You can also try dosing flourish excel, but this is a bit more expensive. If you want excel, check www.bigalsonline.com for cheap excel (2 or 4 liters). Dose excel the same way as H2O2.


----------



## DJKronik57 (Apr 17, 2006)

I've got the same velvet like algae on all of my anubias, and only my anubias. Anyone know any more specifics about this type of algae and how to prevent it?


----------



## Tex Gal (Nov 1, 2007)

Zapins have your tried H2O2 on this type algae before? I had some of it in the tank I just tore down. I tried H2O2 and it didn't touch it. I did it for about 3 days. I ended up tearing those leaves off. They will just have to regrow them.


----------



## Zapins (Jul 28, 2004)

Tex - I can't tell from the picture if this is BBA or very short hair algae... I assumed it was BBA which H2O2 does work on, but not as well as excel does. Yeah, for some reason peroxide doesn't kill hair algae...

If its hair algae just increase the nitrates a bit and that should do the trick.


----------



## 90gal (Jan 7, 2008)

The algae is like velvet; very short and carpet like; it's soft to the touch but nearly impossible to get off the leaves of the plants. No long strings anywhere and it's dominated my anubias, rocks and driftwood...


----------



## armedbiggiet (May 6, 2006)

90gal said:


> The algae is like velvet; very short and carpet like; it's soft to the touch but nearly impossible to get off the leaves of the plants. No long strings anywhere and it's dominated my anubias, rocks and driftwood...


One thing it would work for sure is Acid Buffer by Seachem. You can do it in side or out of the tank.

Out of the tank: you can sprinkle some directly by hand on it container than soak it little. It would turn white or grey and that mean they are dead. Time... I do not know as I alwasy walk away.

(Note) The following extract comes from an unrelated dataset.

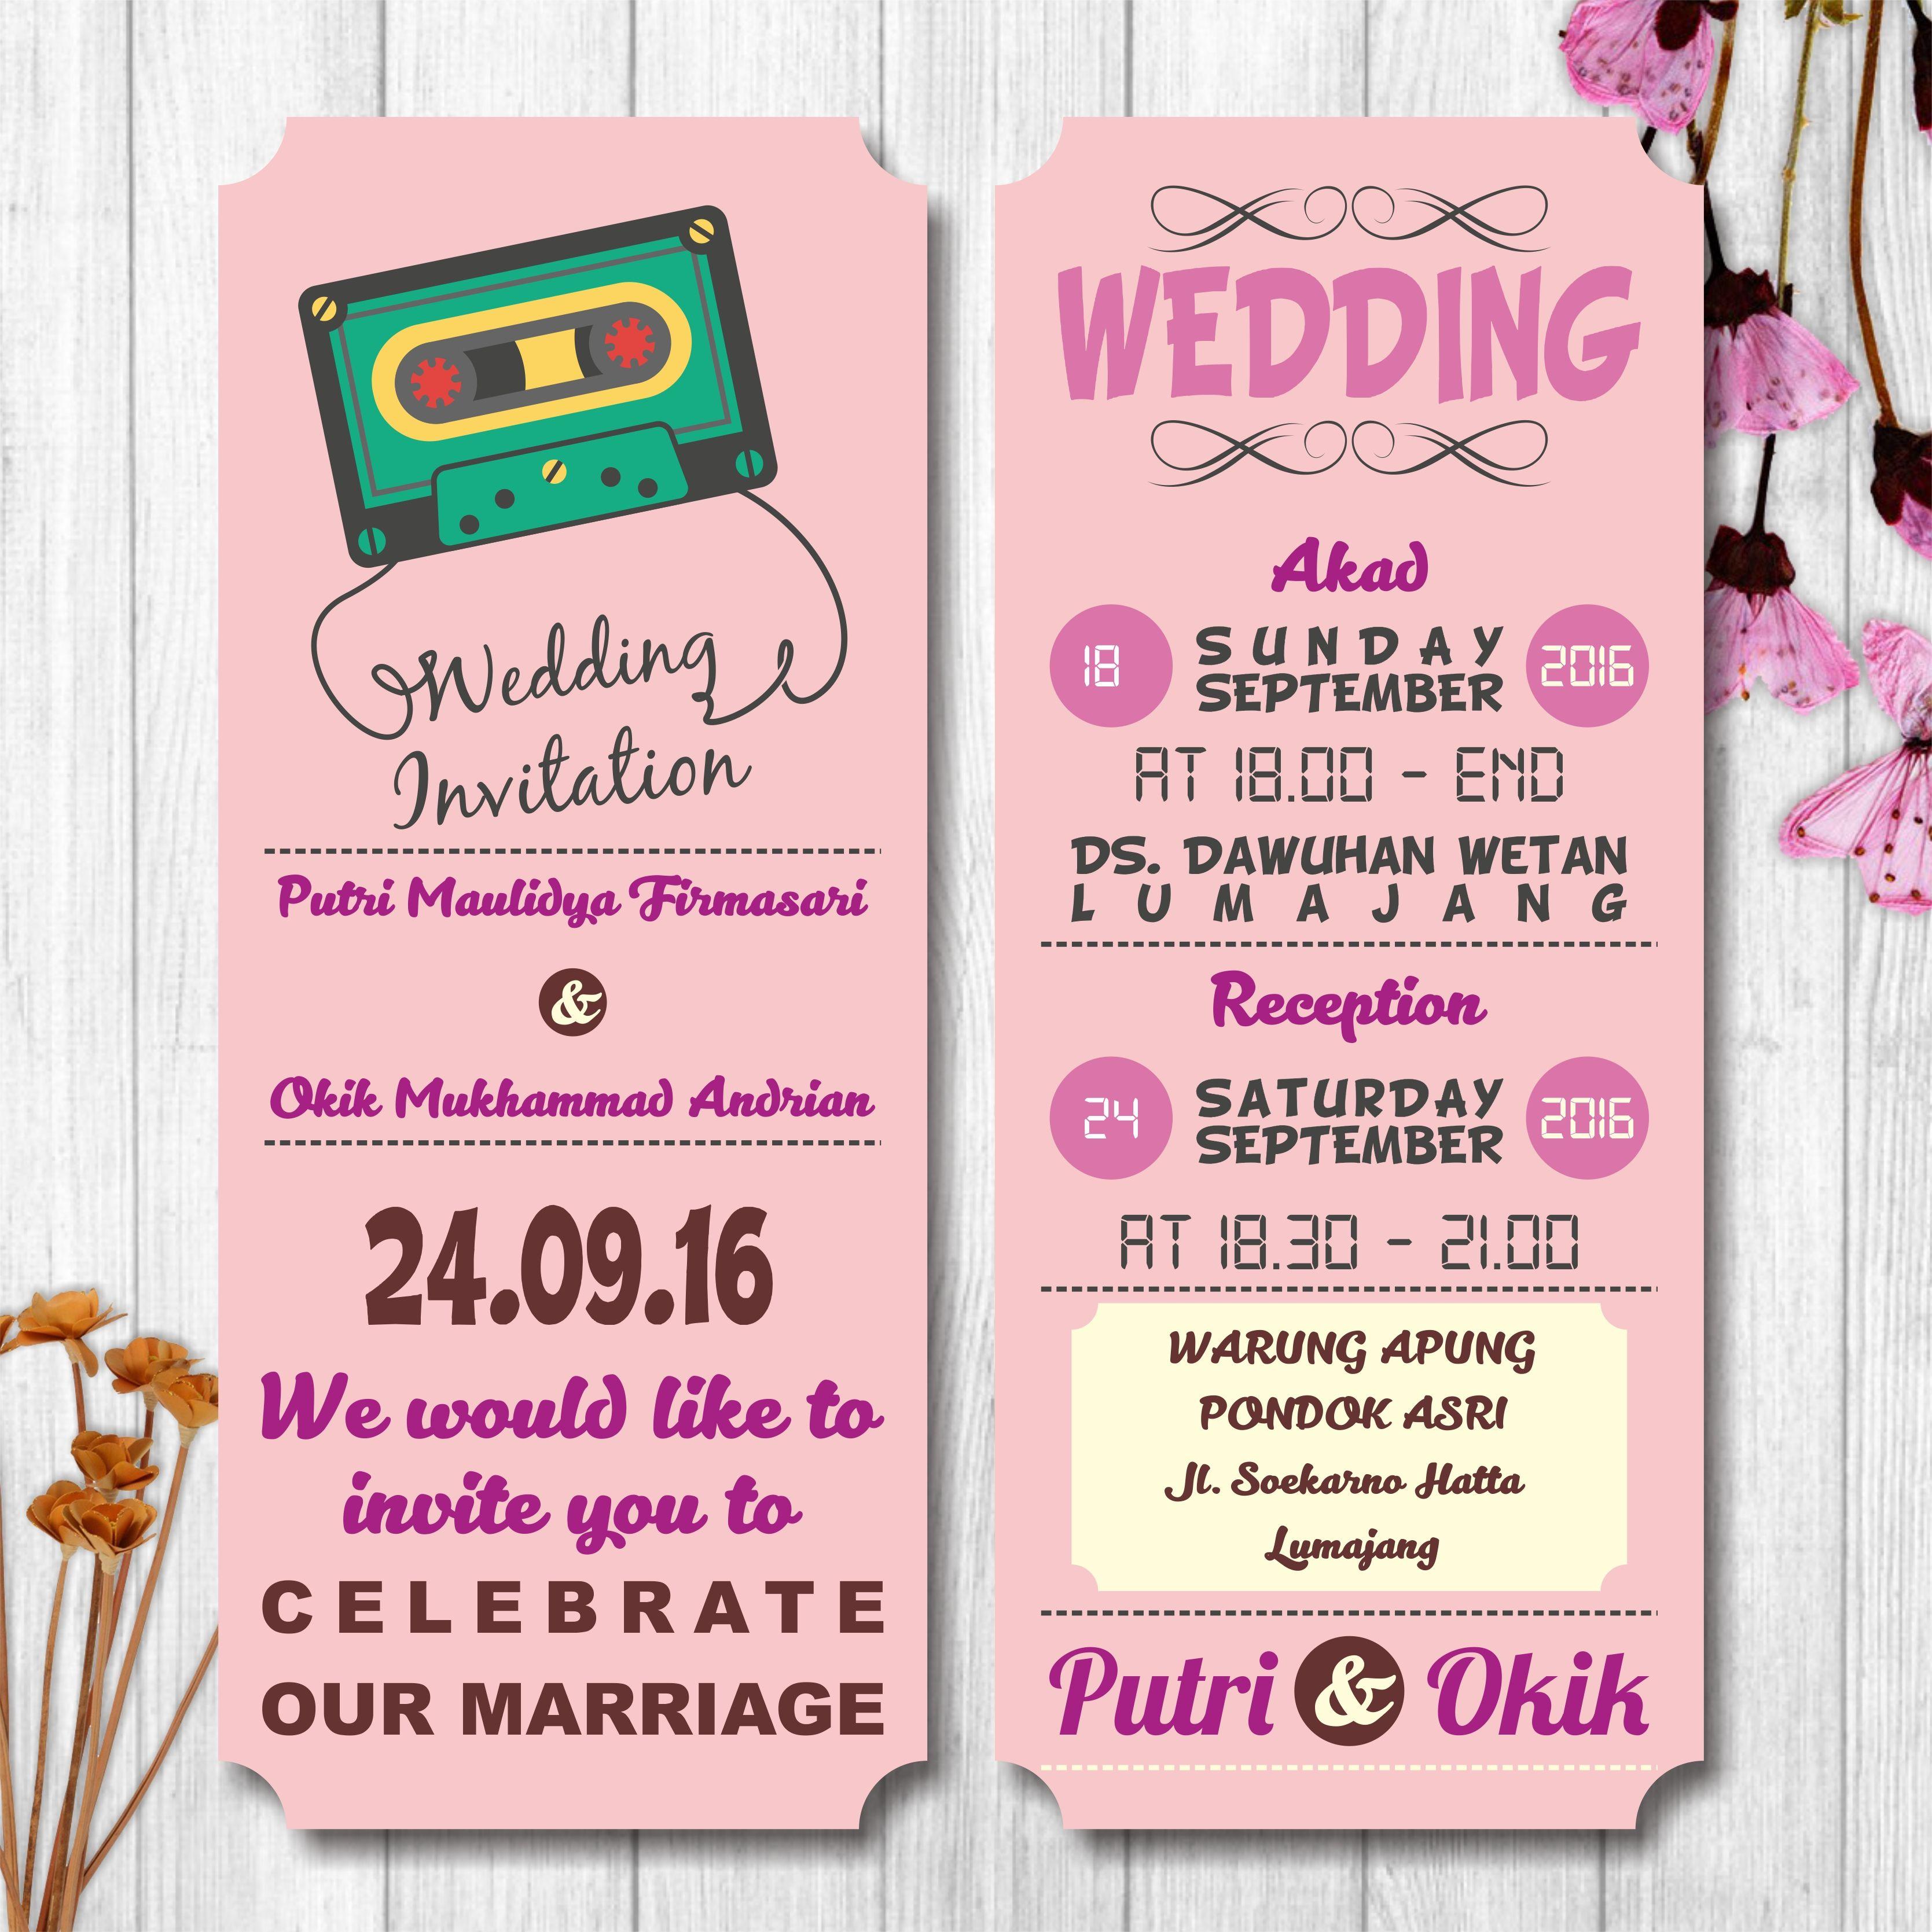 Online wedding invitation, e-invitation, wedding inviation ...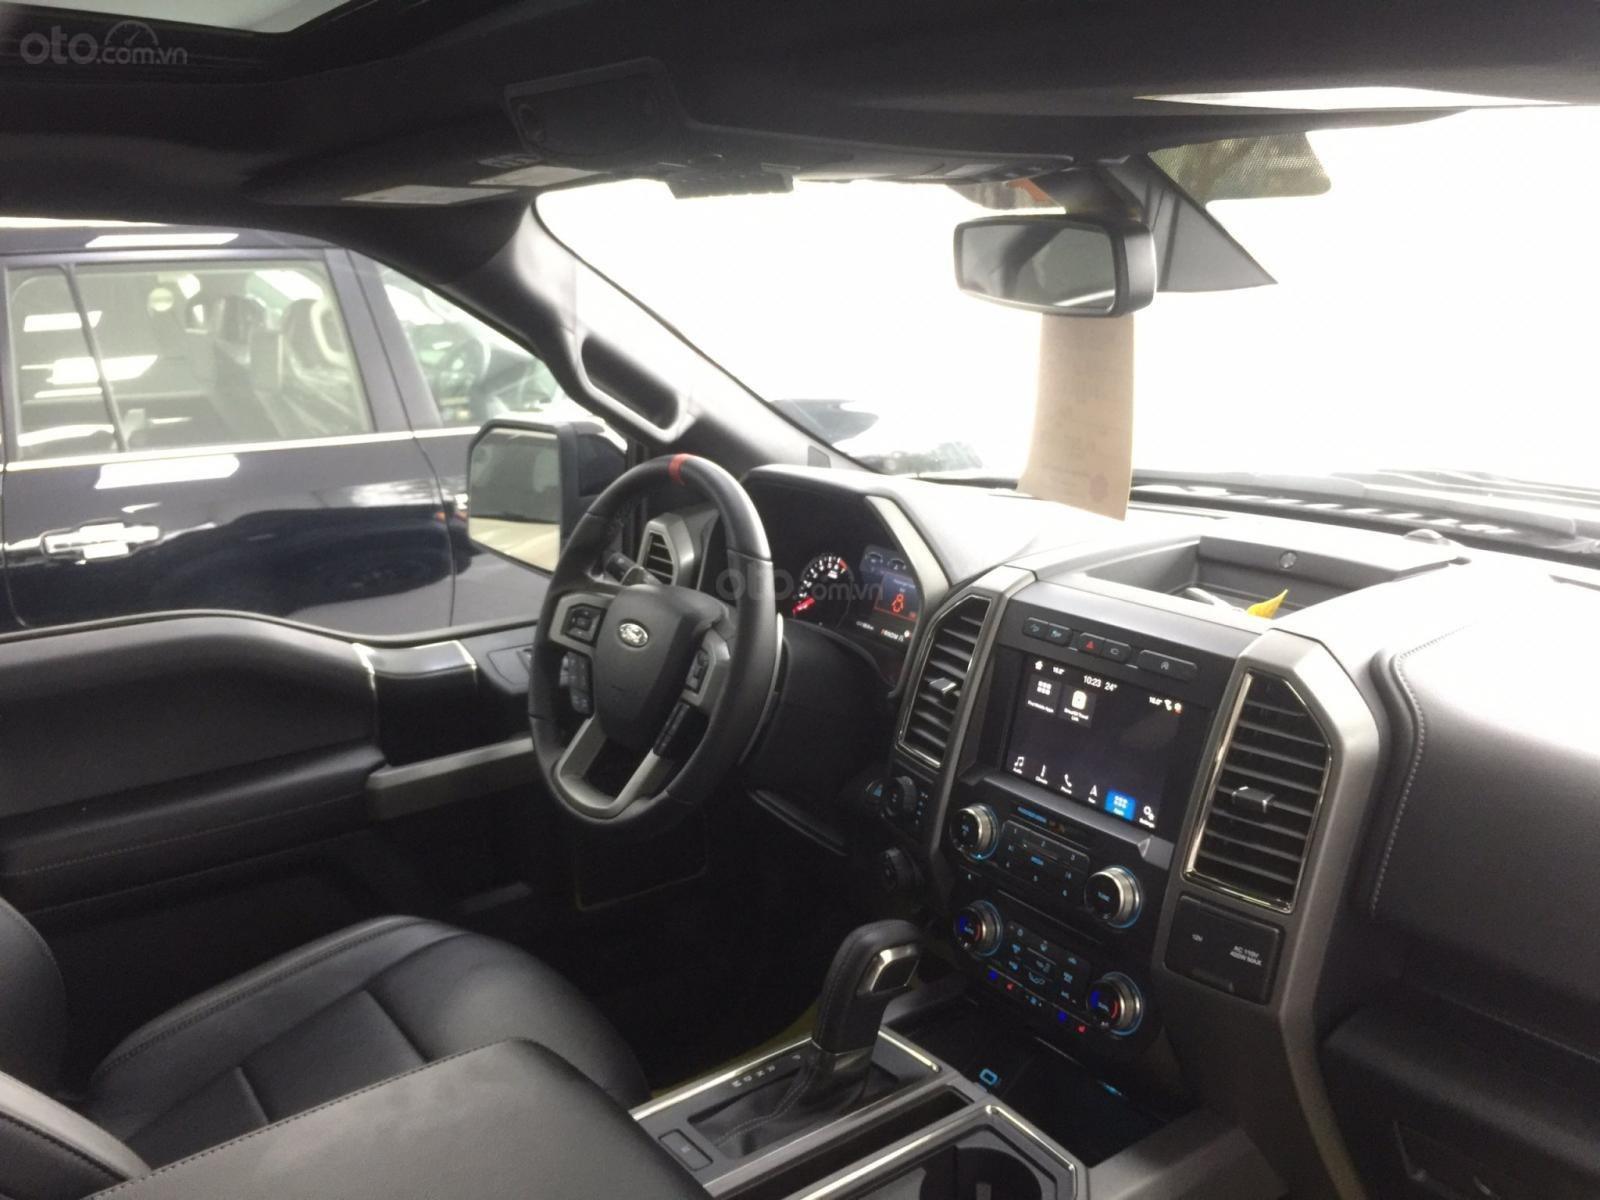 Bán siêu bán tải Ford F150 Raptor 2020, LH Ms Hương giá tốt giao ngay toàn quốc (6)

In the tank: shut of all the water circulation, and once the water no longer moving than sprinkle it directly on top llike you are "bombing" it. Let it land on more if there is not enough.

**IMPORTANT!! THIS THING IS VERY STRONG... so do a little at a time. I would do inside of the tank since your tank is big enough like yours(my 55g) and only your water is hard to come down on the PH.

After you they are dead, let your Otto or Shrimps cleans it. No need to worry about bleach still on it or soak it too long what ever that is.

T


----------